После них на улицу выехала целая кавалькада повозок, запряженных тессалийскими конями черной масти. Их сбруя была разукрашена перьями. На повозках везли груду трофеев, захваченных в войне против хаттов. В первых десяти телегах лежало оружие воинов, убитых при взятии последней крепости: щиты, раскрашенные яркими красками, копья с обожженными на огне концами, мечи неправильной формы, инкрустированные драгоценными камнями. И, наконец, взору толпы предстали повозки, груженые сокровищами: лошадиной сбруей в позолоте, серебряными заздравными рогами, кубками и чашами, искусно расписанными разноцветными узорами.

В толпе послышались одобрительные восклицания. Эти богатства варваров многих удивили. Некоторые, однако, уверяли, что груды добра были на самом деле не такими высокими, потому что под них положили тряпье, чтобы трофеи производили впечатление. Этот слух начал распространяться от ворот, где в толпе стояло много ветеранов и пошел по направлению к центральным кварталам города. Там толпу составляли в основном бедняки и люмпены. Повозки с трофеями давно уже наскучили им, и они роптали в ожидании пленных.
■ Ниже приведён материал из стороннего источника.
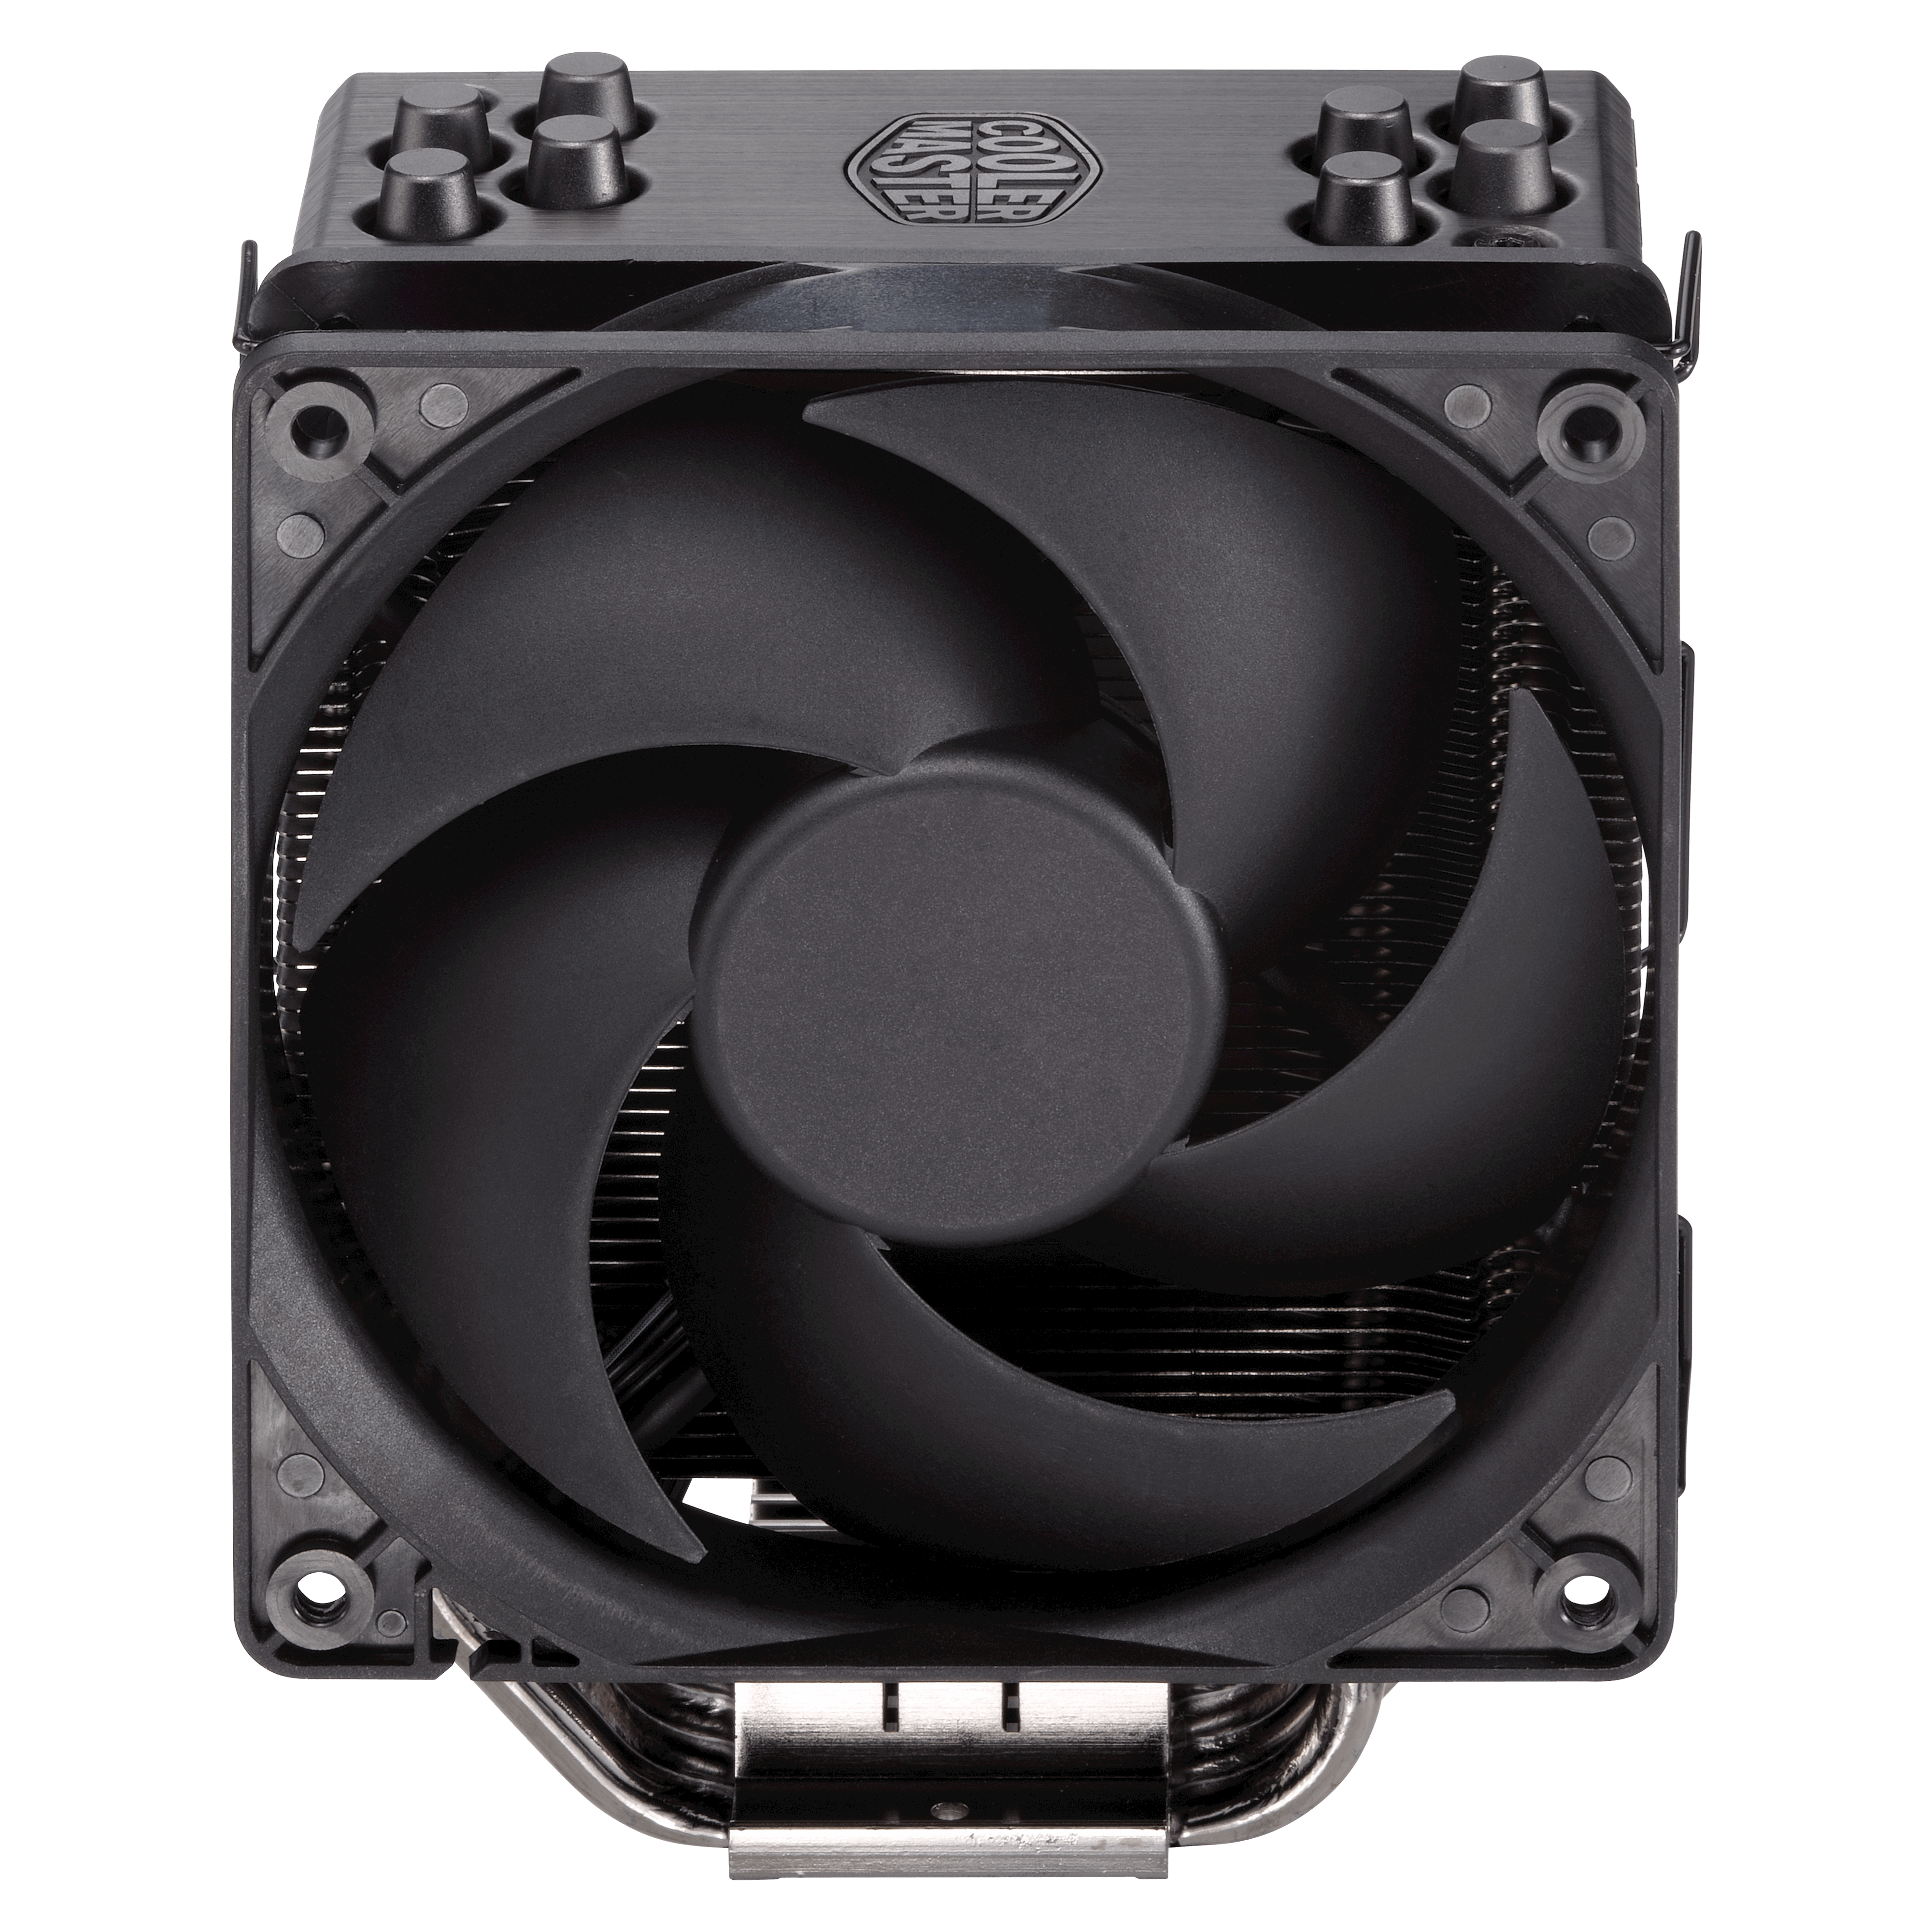 Hyper 212 Black Edition CPU Air Cooler | Cooler Master

За трофеями последовал показ животных, обитающих в северных странах. В клетках провезли трех огромных зубров, у каждого из которых были путы на ногах и плотные повязки на глазах. Кроме этого их удерживали по два раба каждого. За зубрами везли красавца-лося, также стреноженного, козерога и дюжину необъезженных диких лошадей-тарпанов. Замыкал шествие зверей горный кот, символ побежденного племени.

Шествие продолжили двадцать рабов в красных туниках, несших огромную карту из дерева, на которой были очерчены контуры захваченной территории. Новая граница проходила теперь в некоторых местах в ста милях от старой, но сейчас это мало на кого произвело впечатление.
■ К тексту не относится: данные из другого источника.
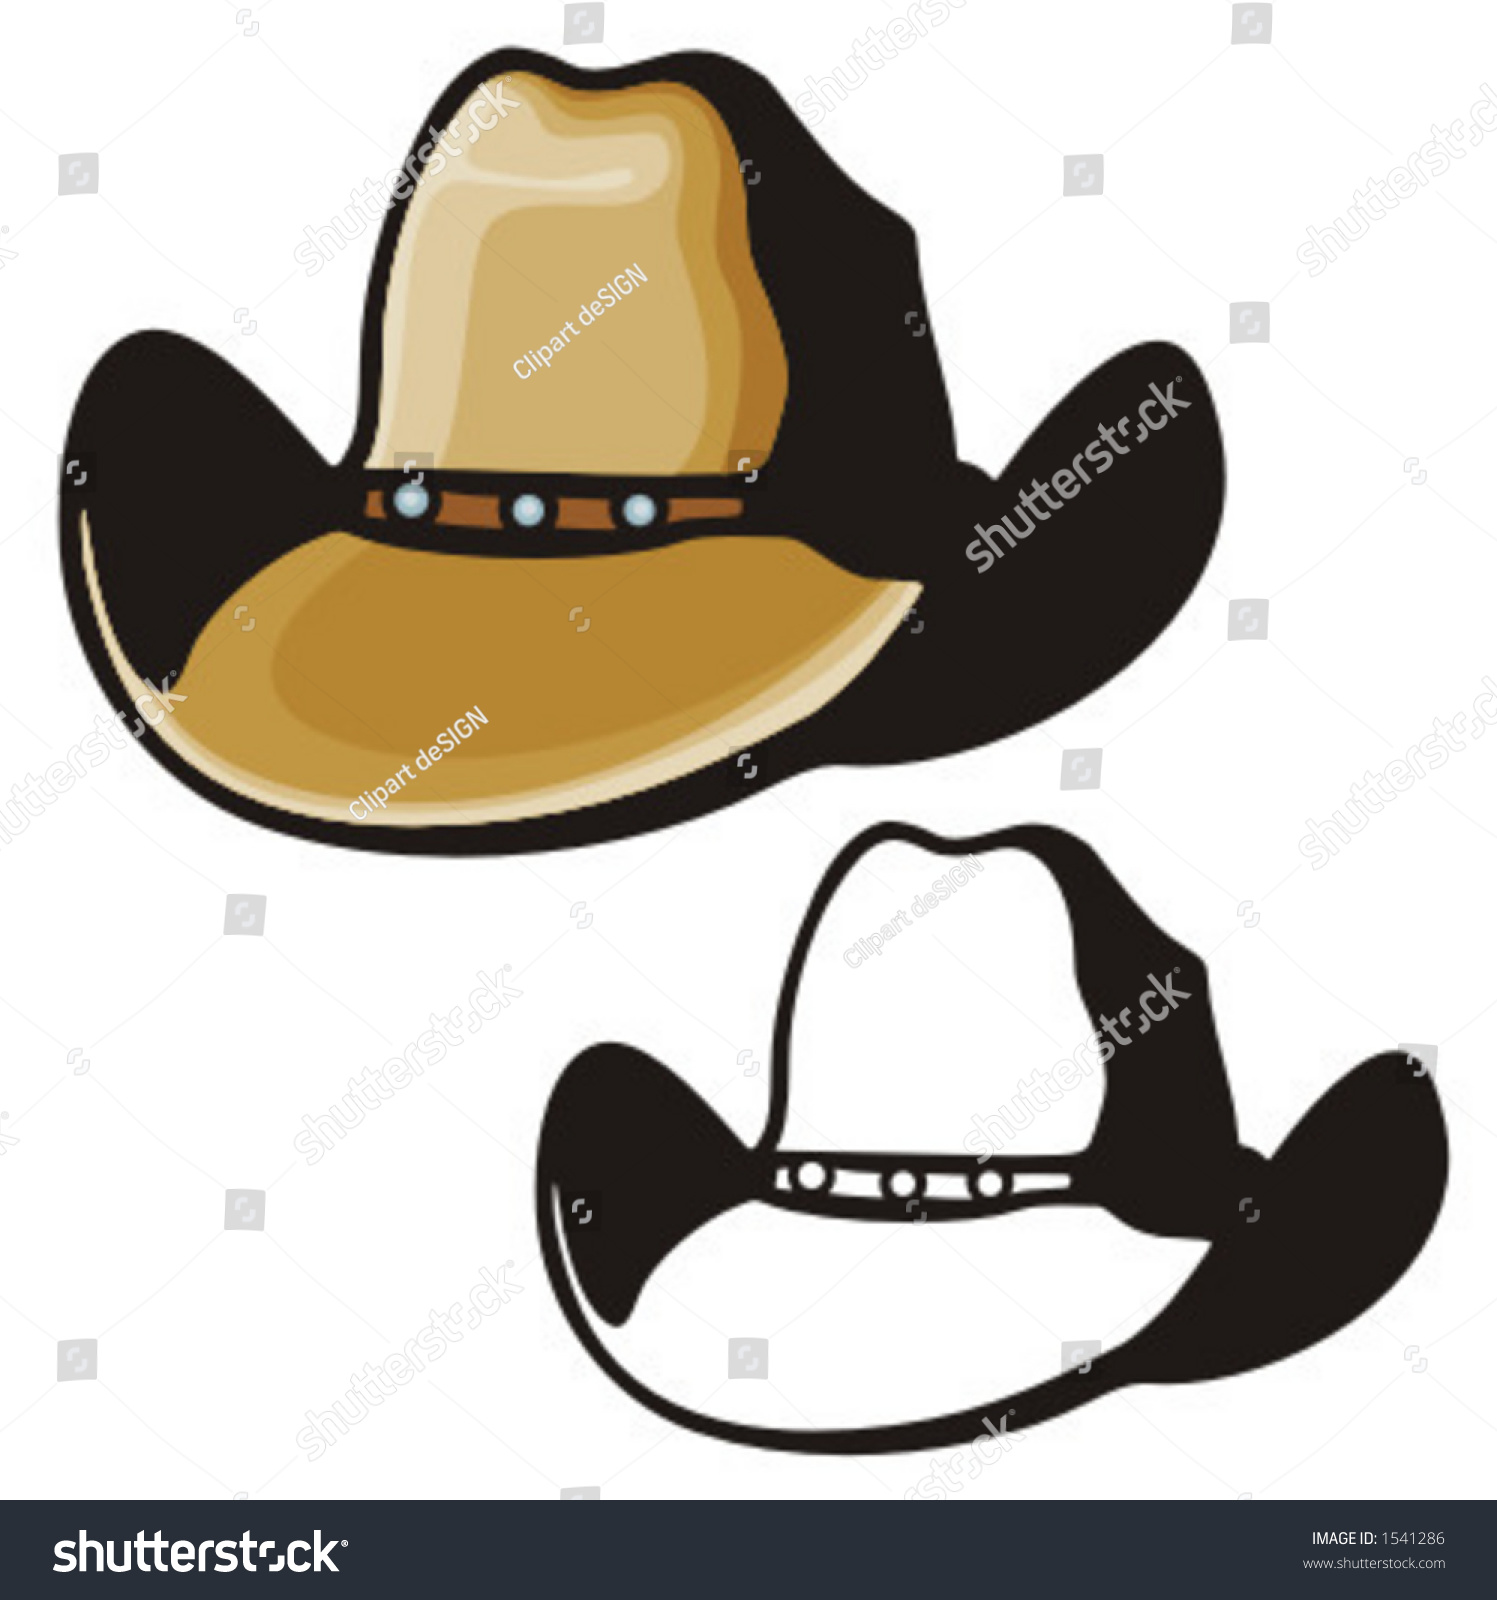 Illustration Of A Cowboy Hat. - 1541286 : Shutterstock

— Сто миль пустоши! — громко воскликнул известный в своем квартале кабатчик. — Там нет больших городов! Мы ухлопали на эту войну столько, что хватило бы на завоевание Индии. Все эти деньги взяты из наших карманов!

И вот тогда с крыши кабачка этого не в меру разговорчивого содержателя, на которой собралось много женщин из гильдии проституток, послышался крик:

— Они идут!

Первой, кто увидел пленников, была богатая хозяйка борделя, женщина с гордой осанкой по имени Матидия.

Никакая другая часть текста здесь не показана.